= List of Colorado Avalanche broadcasters =

This is a list of broadcasters for the Colorado Avalanche ice hockey team.

==Current broadcasters==

- Marc Moser – TV play-by-play
- Mark Rycroft – TV color commentator
- John-Michael Liles – TV studio analyst
- Kyle Keefe – TV studio host (rotating)
- Conor McGahey – Radio play-by-play/analyst
- Mark Bertagnolli – Radio studio host
- Alan Roach – Public address
- Rachel Tos - TV Studio

==Radio==

| Years | Play-by-play | Color commentator |
| 1995–2004 | Mike Haynes | Norm Jones |
| 2005–07 | Norm Jones | Curtis Leschyshyn |
| 2007–09 | Norm Jones | Marc Moser |
| 2009–18 | Marc Moser |
| 2018–present | Conor McGahey |

==Television==
Avalanche games have aired on regional sports network Altitude Sports and Entertainment since 2004, replacing FSN Rocky Mountain.

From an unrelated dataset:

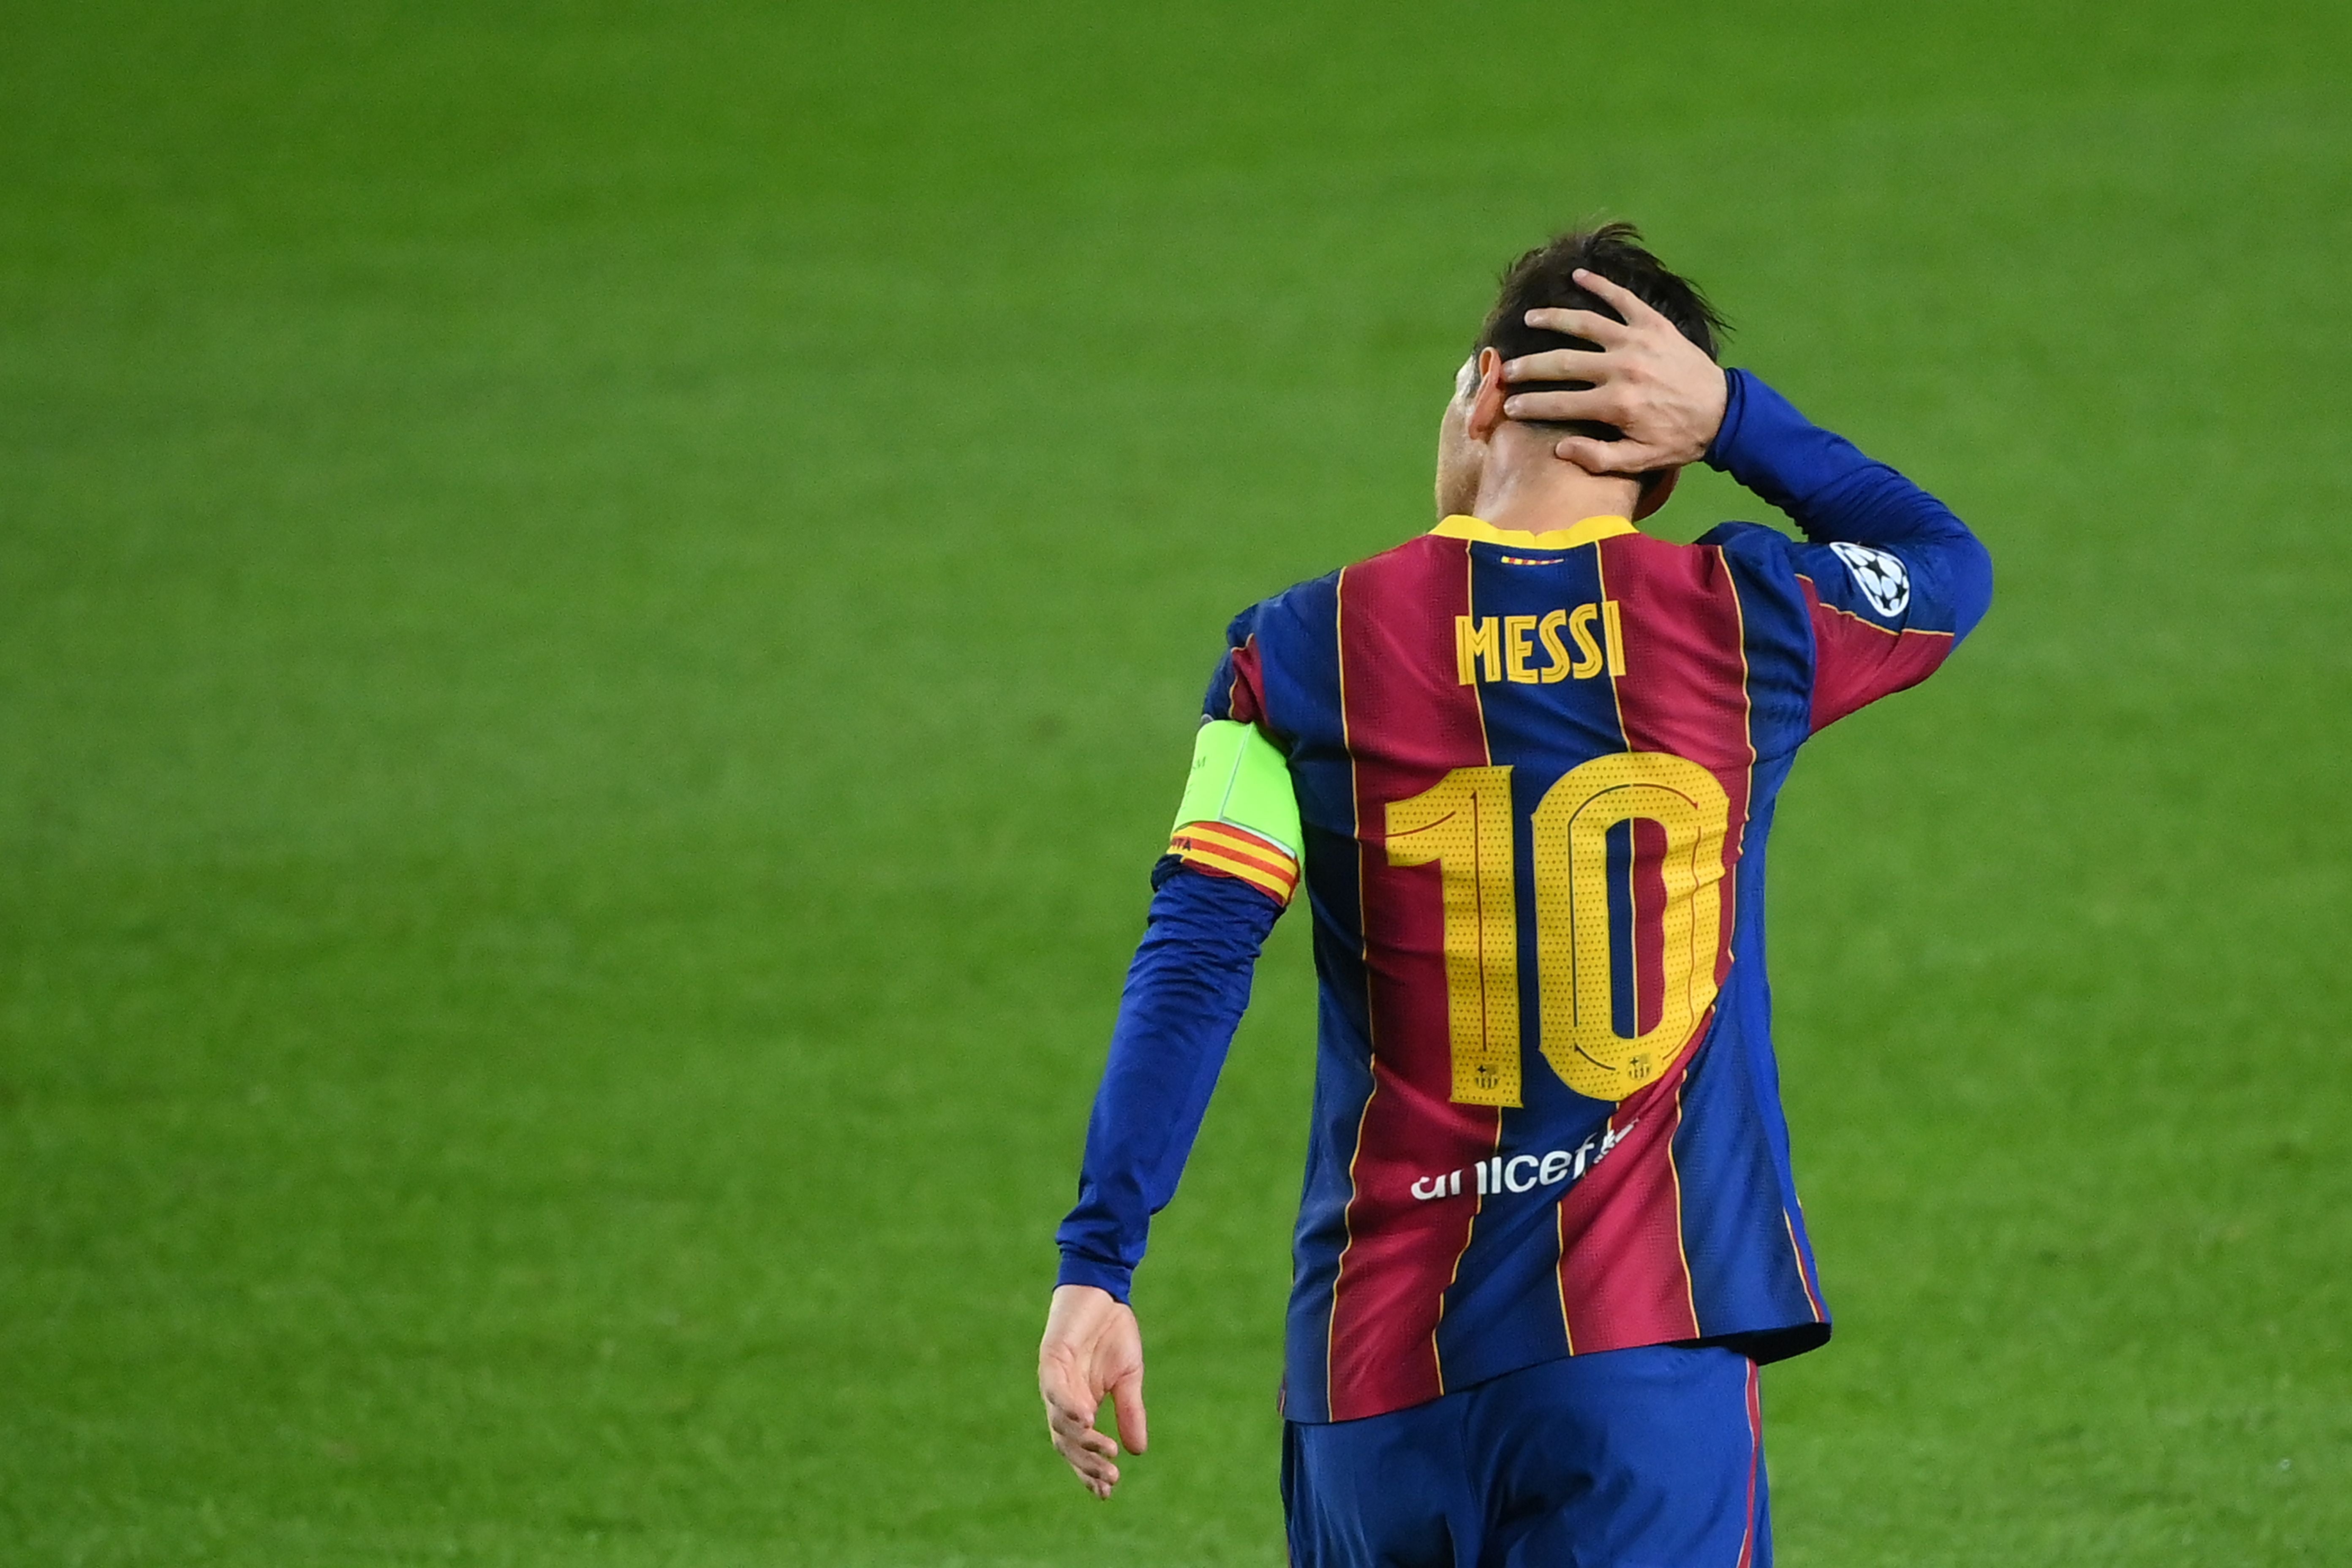 Some have argued Lionel Messi is blocking the potential for a drastic Barcelona rebuild
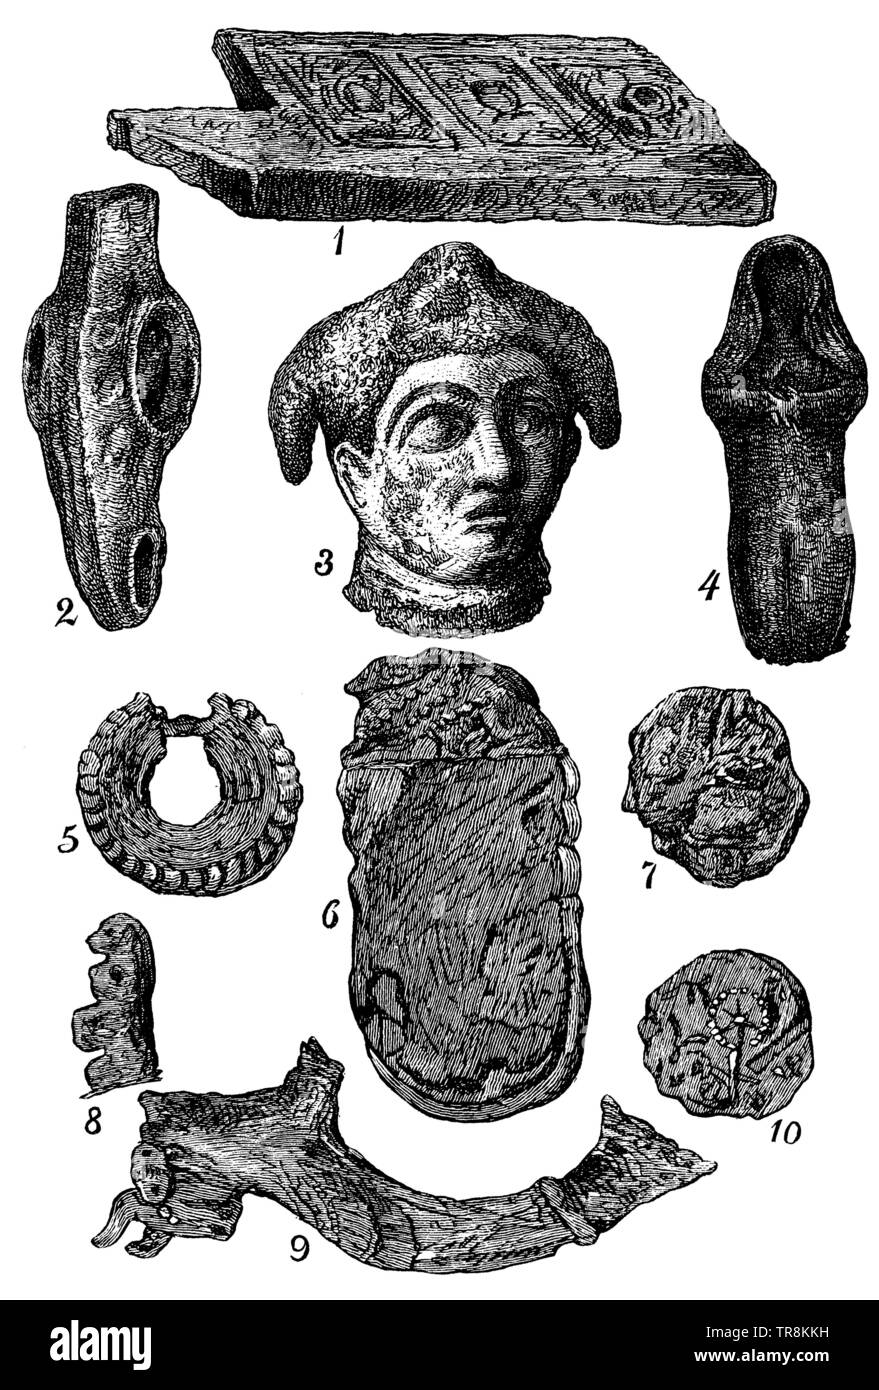 Babylonian antiquities. 1. threshold of the palace of Nebuchadnezzar; 2 and 4 axes; 3 stone head; 5 silver ornaments; 6 stone with sphinx-like figure; 7 and 10 coin (front and back); 8 figure of a monkey; 9 silver handle from a drinking vessel, ,  (encyclopedia, 1893) Stock Photo

| Years | Play-by-play | Color commentator |
|---|---|---|
| 1995–2004 | John Kelly | Peter McNab |
| 2005–06 | Doug McLeod (20 games) Mike Haynes (rest of season) | Peter McNab |
| 2005–18 | Mike Haynes | Peter McNab |
| 2018–November 6, 2022 | Marc Moser | Peter McNab Mark Rycroft (select games) |
| November 7, 2022–present | Marc Moser | Mark Rycroft/John-Michael Liles |

===Notes===
- Doug McLeod was appointed to replace John Kelly in 2005, but was abruptly replaced after only 20 games. An Altitude Sports executive explained the change by saying the network was "looking for a little different style".
- On April 7, 2008, Haynes was diagnosed with a brain aneurysm of his basilar artery. He successfully underwent surgery for the problem two days later, but was unable to do the play-by-play for the Colorado Avalanche in the 2008 Stanley Cup playoffs. Former Avalanche and current St. Louis Blues announcer John Kelly filled in during Haynes's absence before Haynes returned next season.
- On June 8, 2009, McNab signed a multi-year deal with Altitude, where he started his 14th season as the color commentator for the Colorado Avalanche at the beginning of the 2009-2010 NHL season.